It is obvious that the emergence of specialized research groups worldwide should facilitate a systematic approach to investigate this very large field of hormone–vestibular research. It can be assumed that accumulation of epidemiological studies reinforcing the evidence of a close link between hormonal deregulation and vestibular pathologies will encourage the creation of research structures centered on this specific theme. A multidisciplinary organization of these research groups, gathering scientists with skills in neuroscience, endocrinology, biochemistry, cell and molecular biology, and electrophysiology, and clinicians specialized in the management of the dizzy and unstable patient, will allow taking stock of the R&D needs to meet the strong medical need in the neuro-otology field, and identifying actions on which efforts must be particularly focused. Three of them seem to us to be priorities:

4.3. Mapping the Expression of Hormone Receptors over the Whole Vestibular Sensory Network

Until recently, the study of hormone receptors’ membrane expression was primarily carried out using immunocytochemistry or ELISA approaches. One of the main advantages of these methods is that they allow the validation or invalidation of the presence of a sought receptor in a tissue and, in the first case, the precise determination of its location. Among their disadvantages are the dependence on the specificity of the used antibodies and the fact that, in the end, one can only find what they look for. In recent years, the wide diffusion of RNA sequencing approaches has opened a new door to more global research, allowing the identification of all the gene products in a specific tissue, or even in a single cell, with levels of sensitivity and reliability never achieved before. This type of approach therefore today provides the opportunity to discover new hormonal receptors throughout the vestibular network, from the peripheral sensory organs, towards the distal cortical regions involved in the integration and control of the vestibular information. The precise mapping of hormonal receptors will undoubtedly allow us to better anticipate the role of the corresponding hormones, both in the normal function of the vestibular system, but also, of course, in pathological situations.

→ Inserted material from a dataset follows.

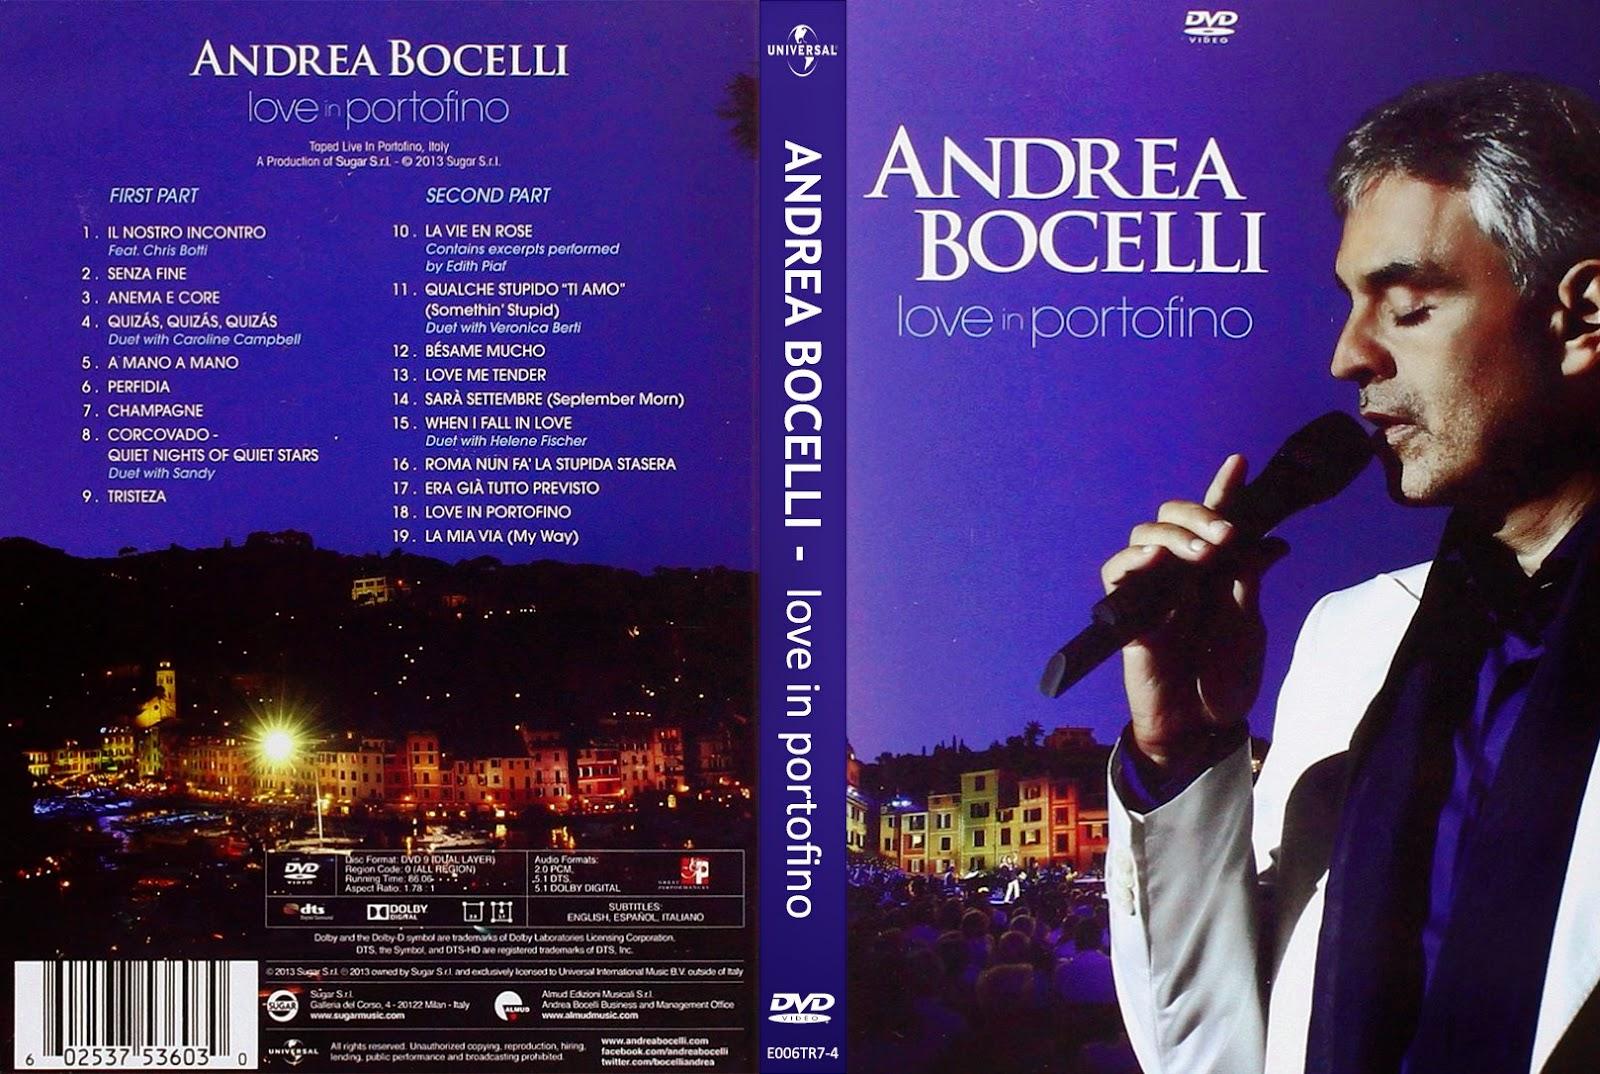 EDITADAS CC: Andrea Bocelli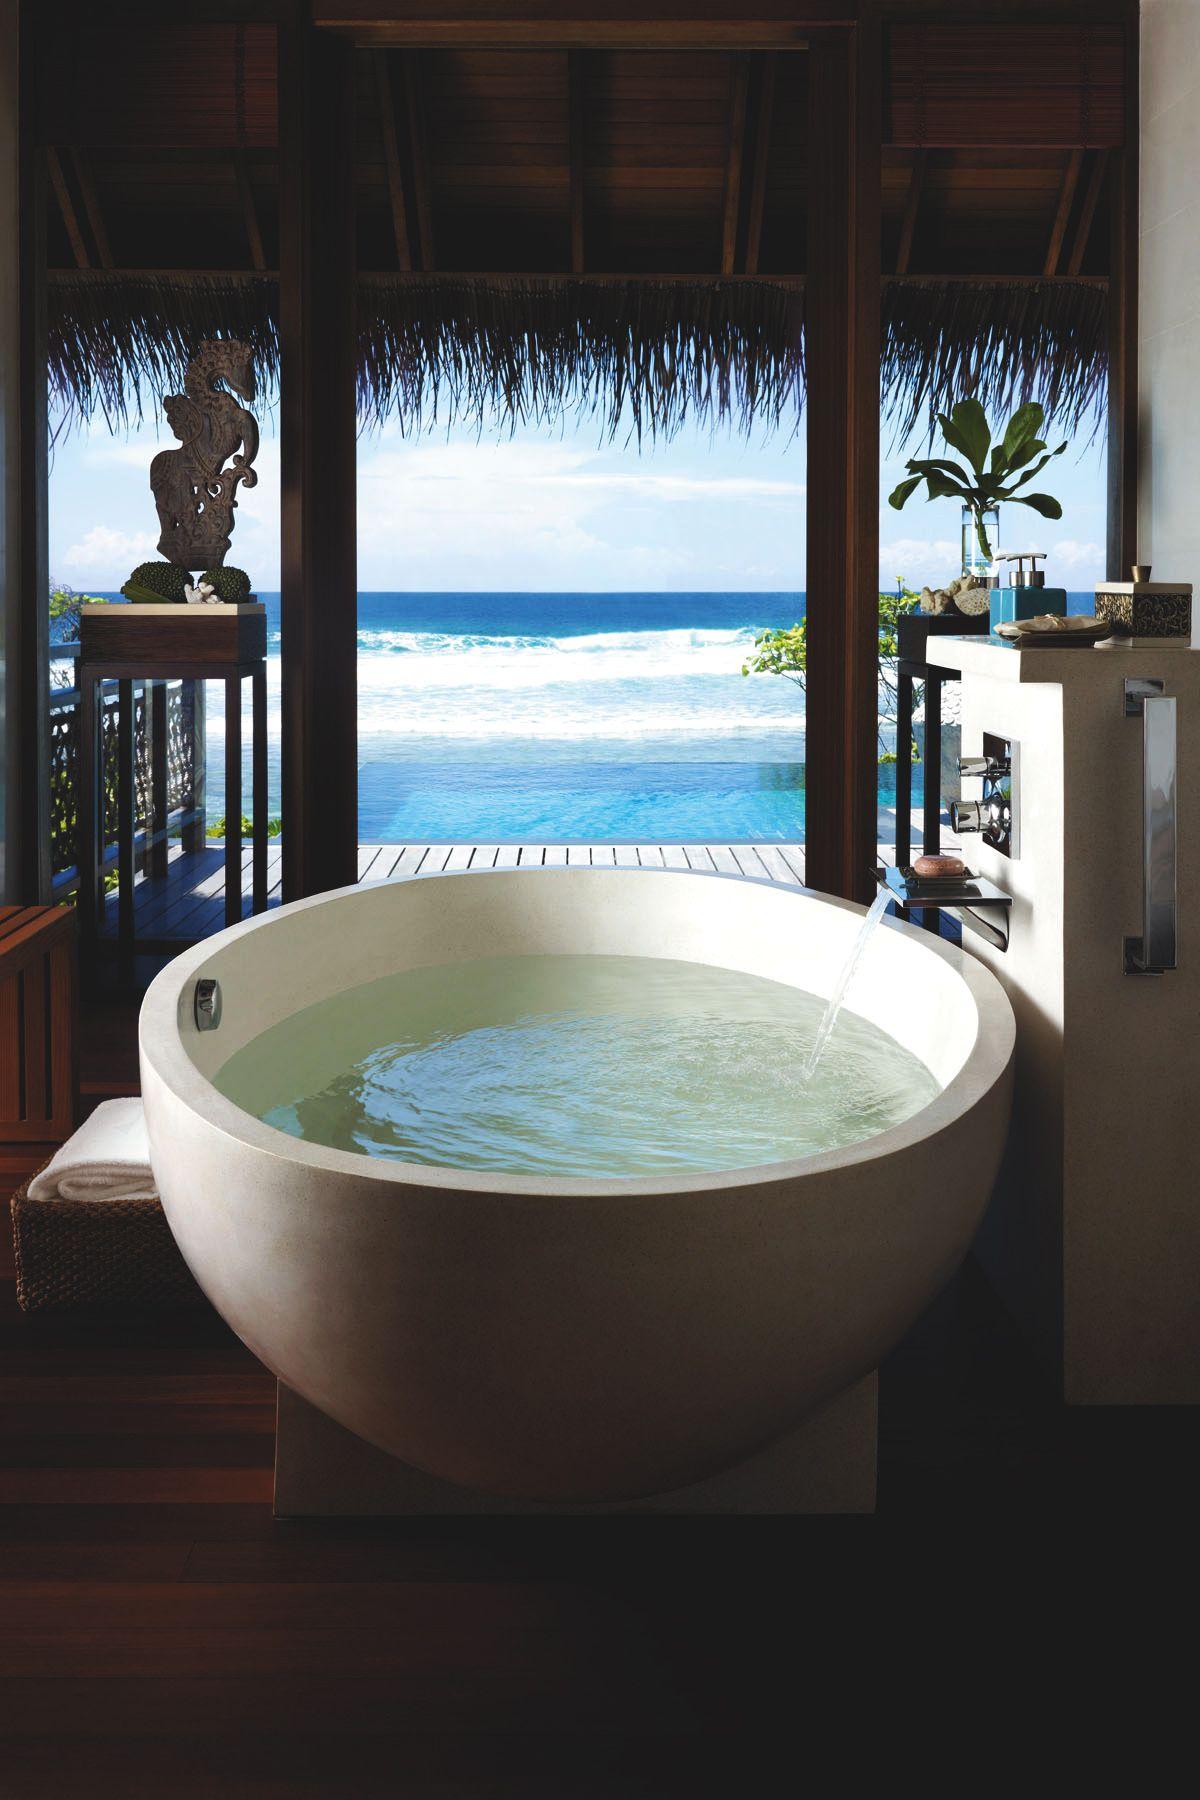 loungeoflust on tumblr: hypnoticgoddessursula your bath is ready

4.4. Specify the Role of Hormones in Vestibular Physiology and Vertigo Pathophysiology

We are currently able, using in vivo and in vitro models, to decipher the mode of action of hormonal mediators within the vestibular sphere. There are some data in the literature concerning the modulation of vestibular function by certain families of hormones. Stress hormones are the most widely documented [98,99]. Among these data, neurohormonal mechanisms normally involved in stress responses were demonstrated to take place after vestibular injury [22]. It was shown that unilateral vestibular neurectomy (UVN) induces long-term activation of the hypothalamic-pituitary-adrenal (HPA) axis with a bilateral increase in the number of neurons expressing the corticotropin releasing factor (CRF), and arginine vasopressin in the paraventricular nuclei of the hypothalamus at 1, 7, and 30 days after UVN. An increase in the synthetic norepinephrine enzyme (dopamine ß hydroxylase: D ß H) in the coeruleus locus was also observed at these same post-injury times. The expression of these neurohormones normalizes when the vestibular syndrome has completely disappeared three months after UVN. It is particularly interesting to note that the compensation for posturo-locomotor deficits follows the same time course. Taken together, these results indicate that activation of the hypothalamic pituitary axis may influence the vestibular plasticity processes underlying behavioral readjustments. In addition, our group has recently demonstrated, for the first time in an animal model of unilateral peripheral vestibulopathy, the benefit of an acute treatment with thyroxine, both for the reduction of the vestibular syndrome and the improvement of balance [3].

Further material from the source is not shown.